Let the brutality and unfairness end at her death. Let us not only confine Sabeen to any single cause she fought because it is reductive. Sabeen defined herself: post-modern flower child, unabashed Mac snob, Pink Floyd and Bruce Springsteen devotee, Tetris addict, West Wing and House MD fanatic and, finally, someone who “will die for Hugh Laurie”. They did not let her die for Hugh Laurie. Her most momentous contribution, however, was T2F. As an art advocate Sabeen brought that one thing so severely essential to our country: a conjugal bed of ideas.
Think of any great idea, concept or turnaround and a coffee place or art studio of some sort will make its way to the origin. Credits have poured in for Sabeen for T2F being the place where they first learned about the craft of writing literature, painting, singing or orating. From a business angle, it was a space where innovation thrived and entrepreneurial success stories were discussed, crushing away the vacuum of hoarding knowledge and attitudes that inspire change. It was a place young people allowed ideas to breathe, seeding non-conformity and that elixir of life: vitality.

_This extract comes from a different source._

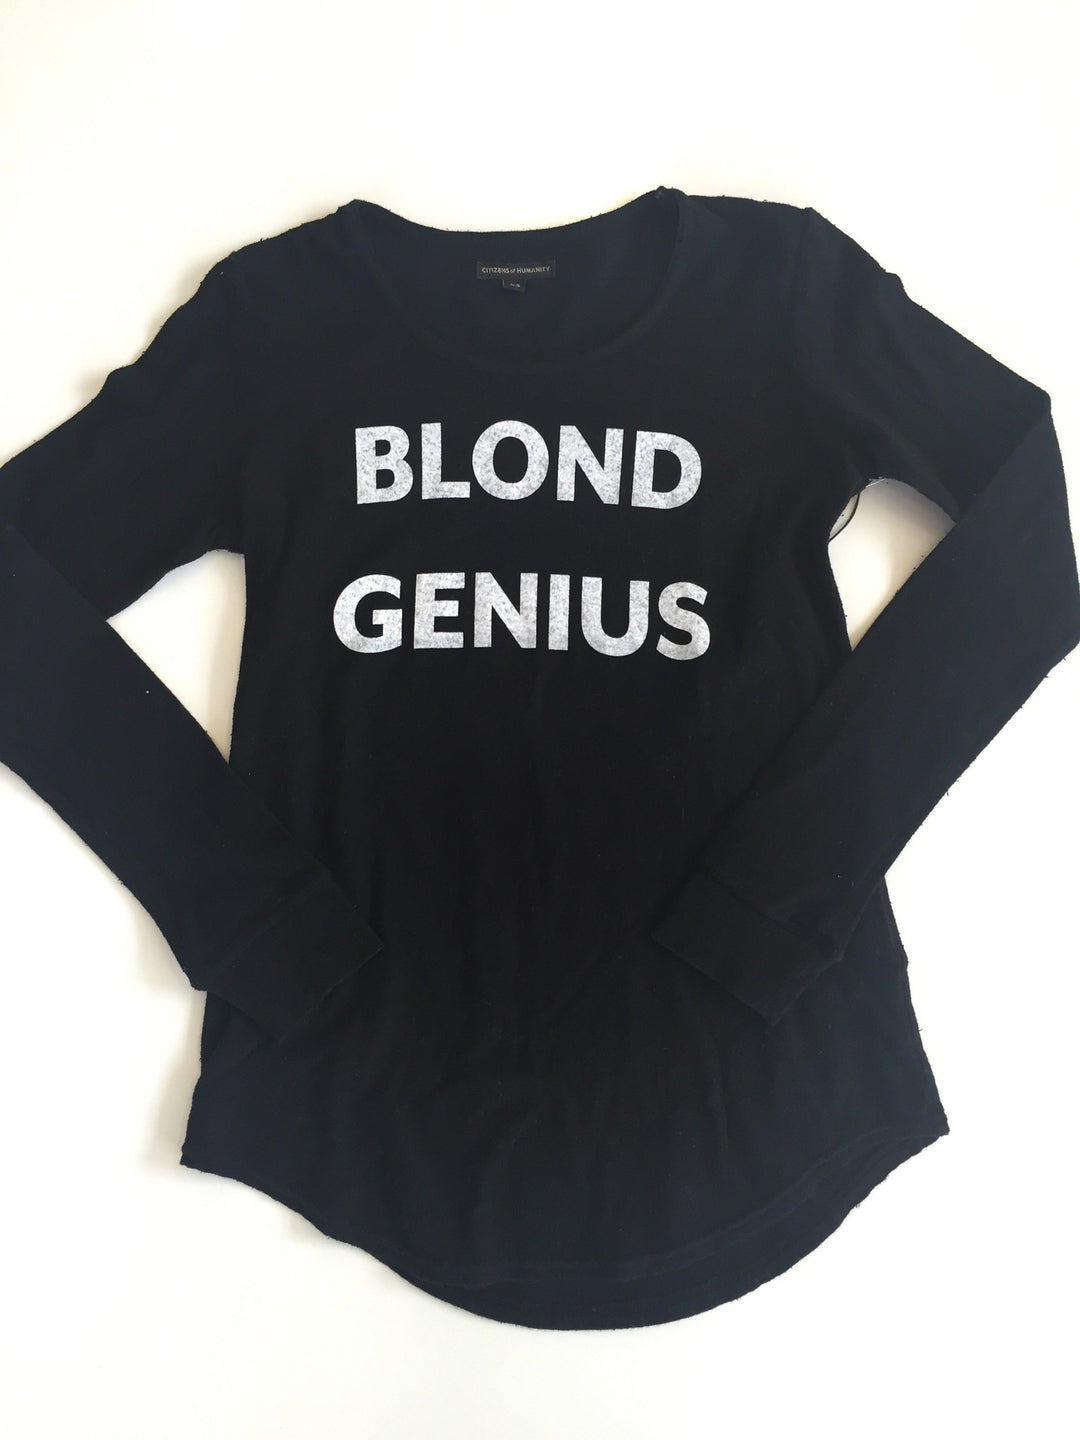 Blond Genius Blond Genius Trademark Longsleeve at Blond Genius - 1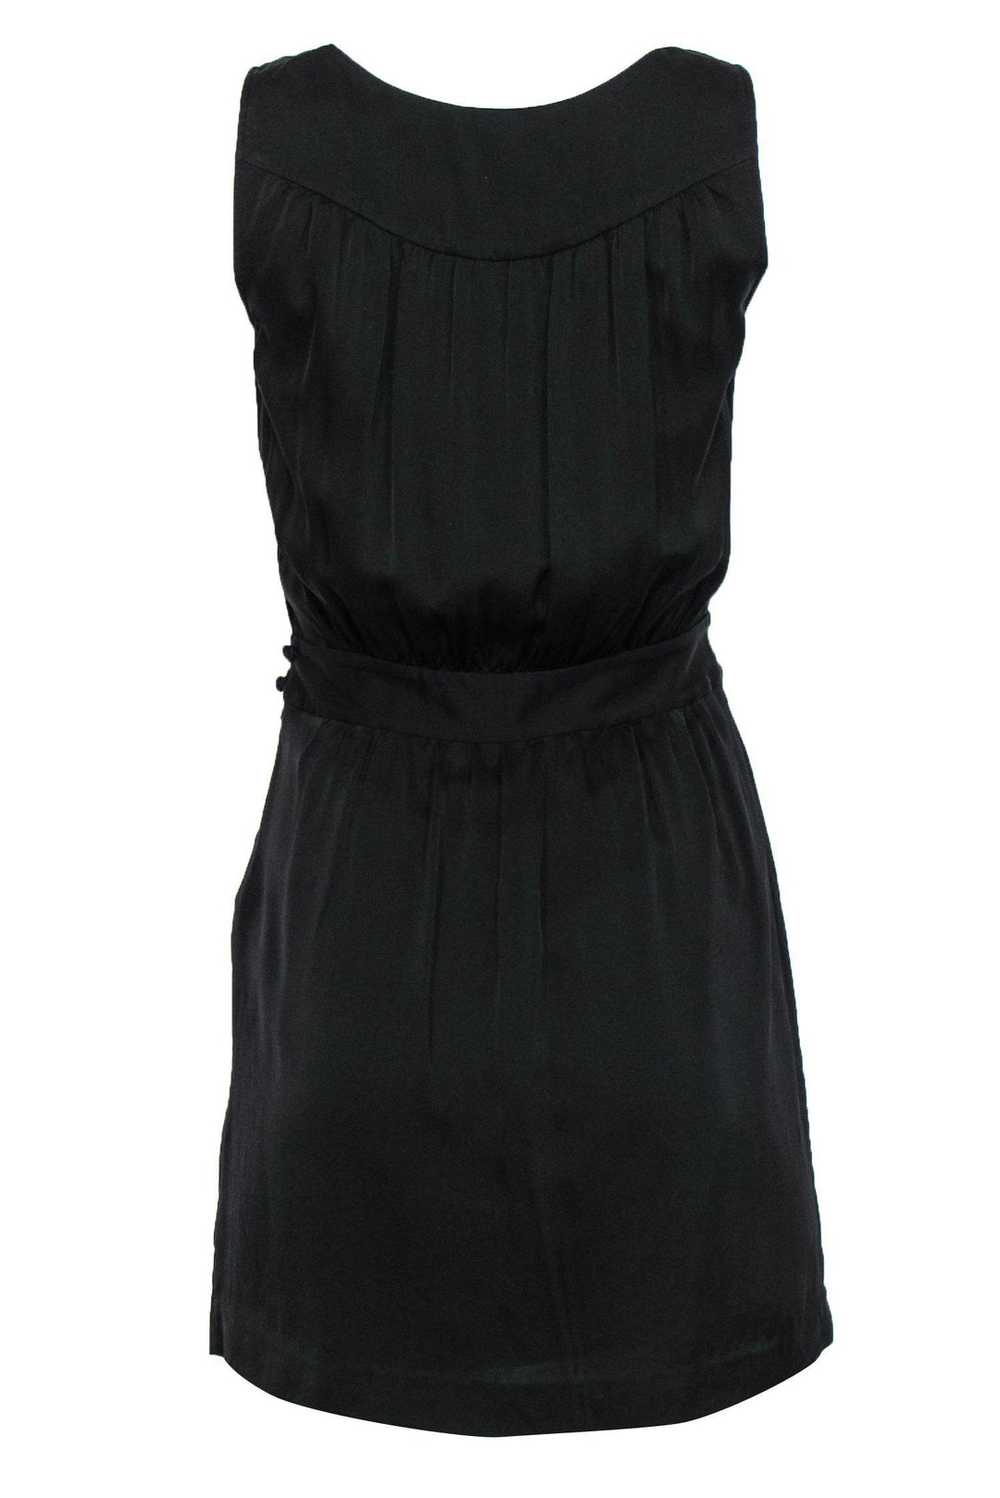 Theory - Black Silk Fitted Mini Dress Sz 0 - image 3

The biggest myth of our century is that ideas are born out of some mystical eureka moment. They are not. Rather, they form like a network of nerves with varying connection points and influences. Steven Johnson, popular science author and media theorist, says the beginning of the Renaissance started with coffee houses and art centres, places where people were free of judgement and allowed their “show hunches” to proliferate into concrete and testable concepts and theories.
One of the biggest needs of intellectually throttled Karachi was such a place: a place to hear how others survive. How they survive real violence and that of the mind, how they still make things come together despite the cynicism and the envy, the traditionalism and the anachronism, how they suggest people work in the tiny basements of their minds to gnaw at an idea till it is ready to be cast into the light of the harsh world. Sabeen, said to be the softest and gentlest of souls, is not going to be there to catalyse the continuation of the space but if we have to truly honour her, we must start the construction of these places in every nook and corner of our country — bookshops, cafes, art studios, ultimately converting our homes into centres of free thinking and beauty — and allow tiny networks of possibilities to thrive.
If the aim was to spread terror, the unidentified terrorists have won. There is no winning against fanaticism, especially if it is sponsored by those in power now. Violence, by its very nature, is the extinguishing of light. However, if Sabeen has taught us one thing, it is that art lives on. That music, poetry and resistance literature all validate us; we do not validate it. When asked what superpower she would like to have, Sabeen said, “I would like to wave my magic wand and de-weaponise Karachi.” Falling to a bullet, Sabeen has left us grieving and pained but hopefully not without the anger we need to bring these senseless killings to an end.
The government’s knee-jerk reaction of inquiry, report and arrests of unrelated criminals will no longer do. Far too many people have lived outside the law in Pakistan and nobody deserves to be silenced, certainly not someone who could have brought about a mini-renaissance in this marred, truth-resistant nation. Regretful and remorseful that I did not know Sabeen Mahmud, I scrolled her Twitter timeline searching for that one thing that connected me to her somehow — a quote, a line or a thought — I followed her, knowing it is too late anyway, then there, next to her bio, it read: “follows you”.
I was reminded of Sylvia Plath when she wrote: “I am, I am, I am”.